Whereas F1’s current final step, GP2, trails the Grand Prix ladder around Europe and parts of Asia and Middle East, F3000 generally ran independently.
Although the series would on occasion visit Grand Prix circuits, it was rarely part of the F1 weekend package. Other parts of the calendar were made up of treks to the likes of Thruxton (!!), Pau, Vallelunga, Enna and Donington.
Come the end of ’85, Christian Danner emerged as champion, quickly embarking on an often pointless stint in F1, followed by a patchy career in CART.
As 1986 dawned, F3000 altered its schedule slightly to include races at Imola, Bugatti Le Mans and Jarama; however the destination that stood out like a sore thumb was “Birmingham”.
Indeed, the Birmingham Superprix – the first street race on mainland Britain – was dressed around Birmingham’s city centre.

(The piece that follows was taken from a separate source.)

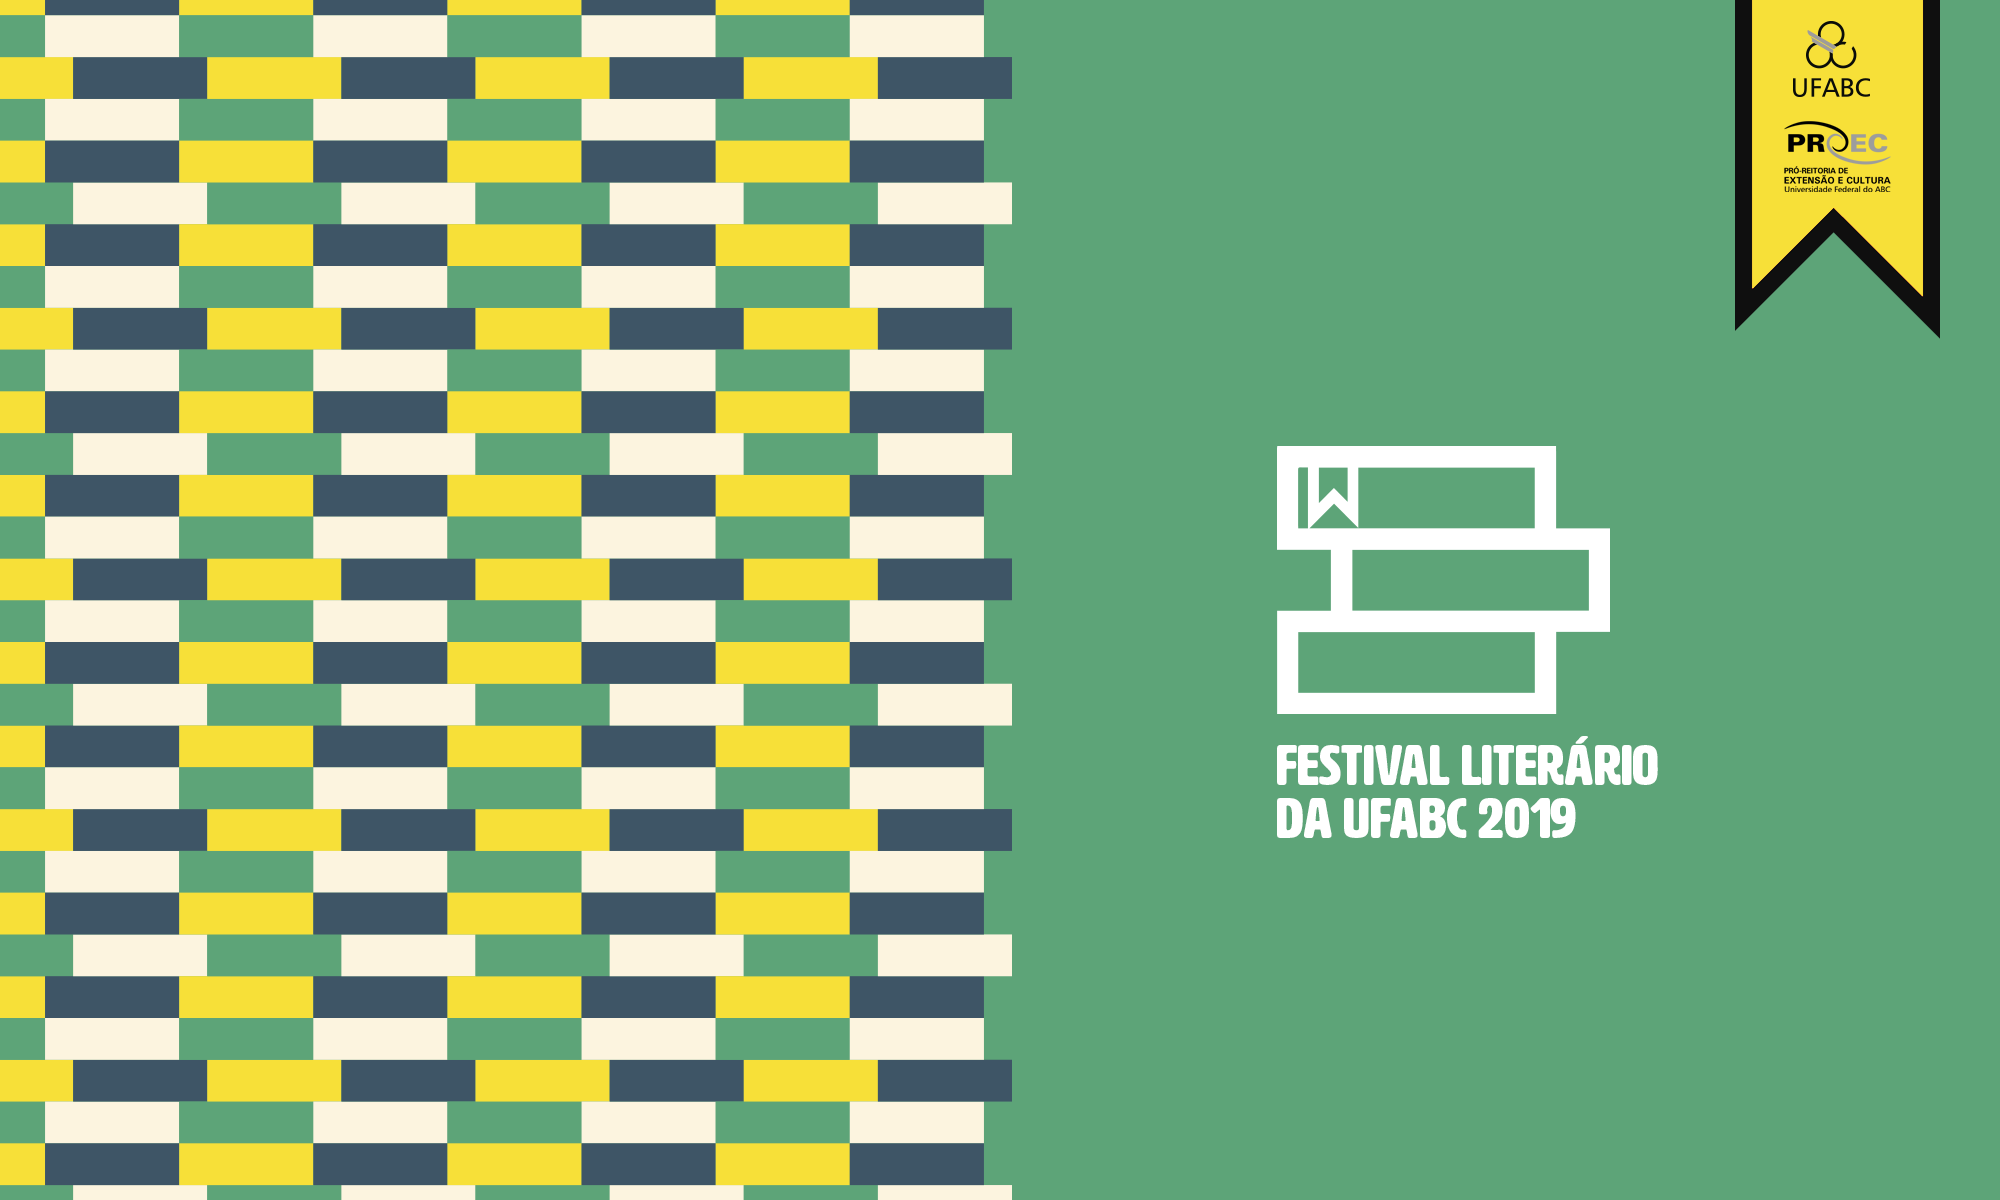 Festival Literário da UFABC 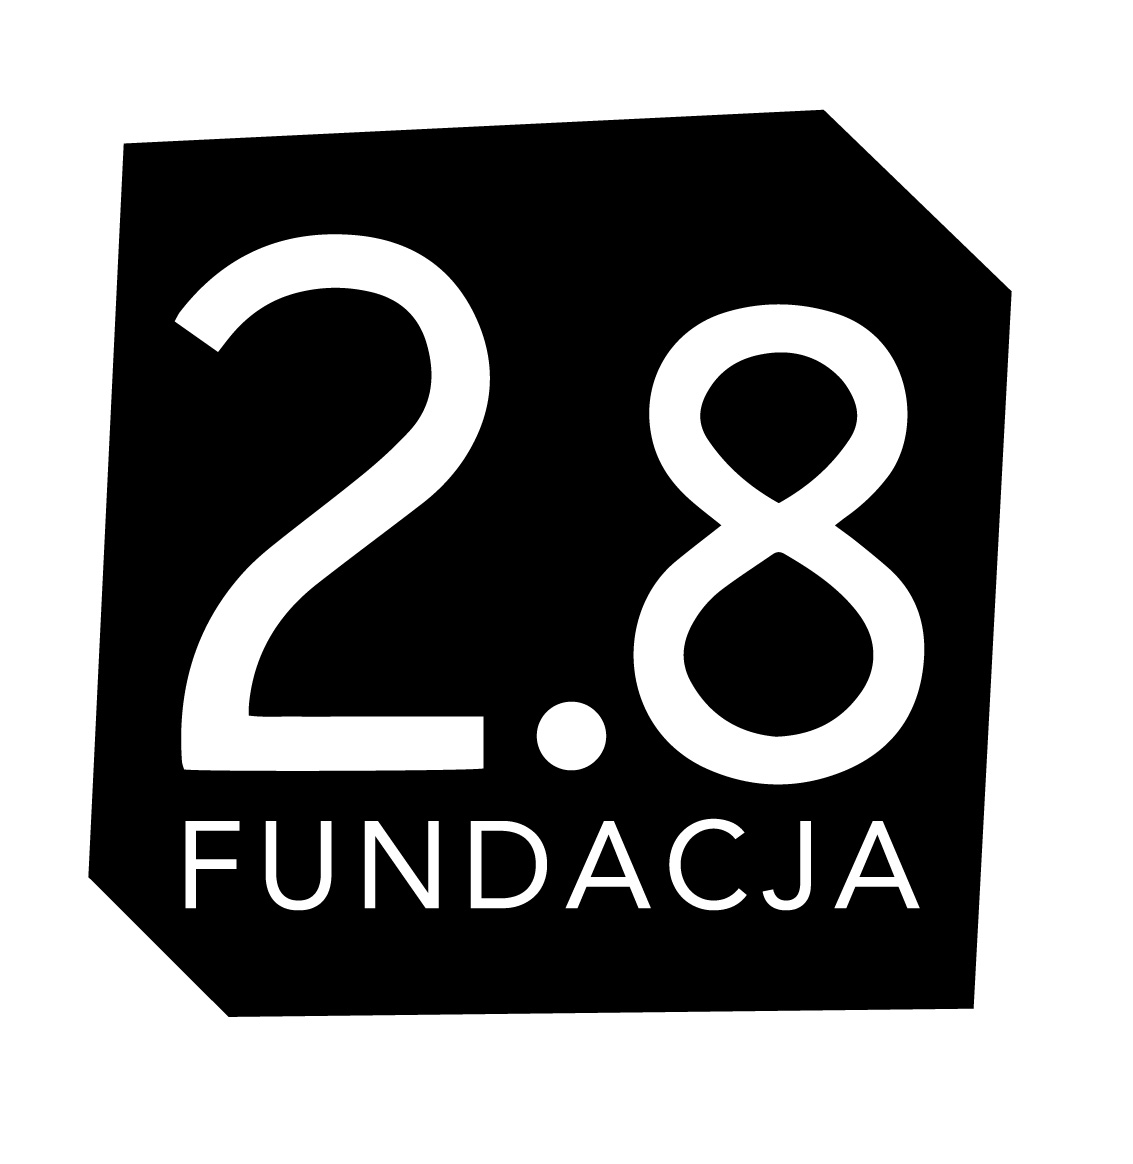 Fundacja 2.8 | Kolektyw fotografów w Opolu. Projekty fotograficzne: Festiwal Fotografii, wystawy, spotkania.

The race was initially proposed in 1966 and following a push from Sir Stirling Moss looked like it may finally happen in the early 70s; however even then politics got in the way. Even a demonstration through the city by Patrick Nève in the Brabham BT45 in 1976 failed to persuade the powers that be to accommodate a street race.
That all changed at the tail end of 1985 when Parliament passed the the Birmingham Road Race Bill after a year of debate, allowing a race to held on the streets of the city. Course developments began almost immediately, ensuring the city would be ready for its first F3000 by the following August Bank Holiday.
When it did finally come around, Birmingham would play host to the likes of Ivan Capelli, Pierluigi Martini, Emanuele Pirro, Luis Perez-Sala, Gabriele Tarquini, Roberto Moreno, Satoru Nakajima and Mauricio Gugelmin amongst others on a wet, wet, wet afternoon in the midlands.
The Superprix did not last long – only five years in fact and (legalised) street racing has not returned Britain in the time since.
There was much talk earlier this year about the possibility of a London Grand Prix. It was bullshit, of course, designed to deflect bad news raining on the head of Bernie Ecclestone — and it worked, sadly for the media.
Alas the Birmingham Road Race Bill was rescinded several years ago, ensuring a London Grand Prix would be a difficult endeavour at the very least. But if we cannot have a London Grand Prix, let’s at least enjoy the 1986 Birmingham Superprix. It’s probably far more entertaining anyway.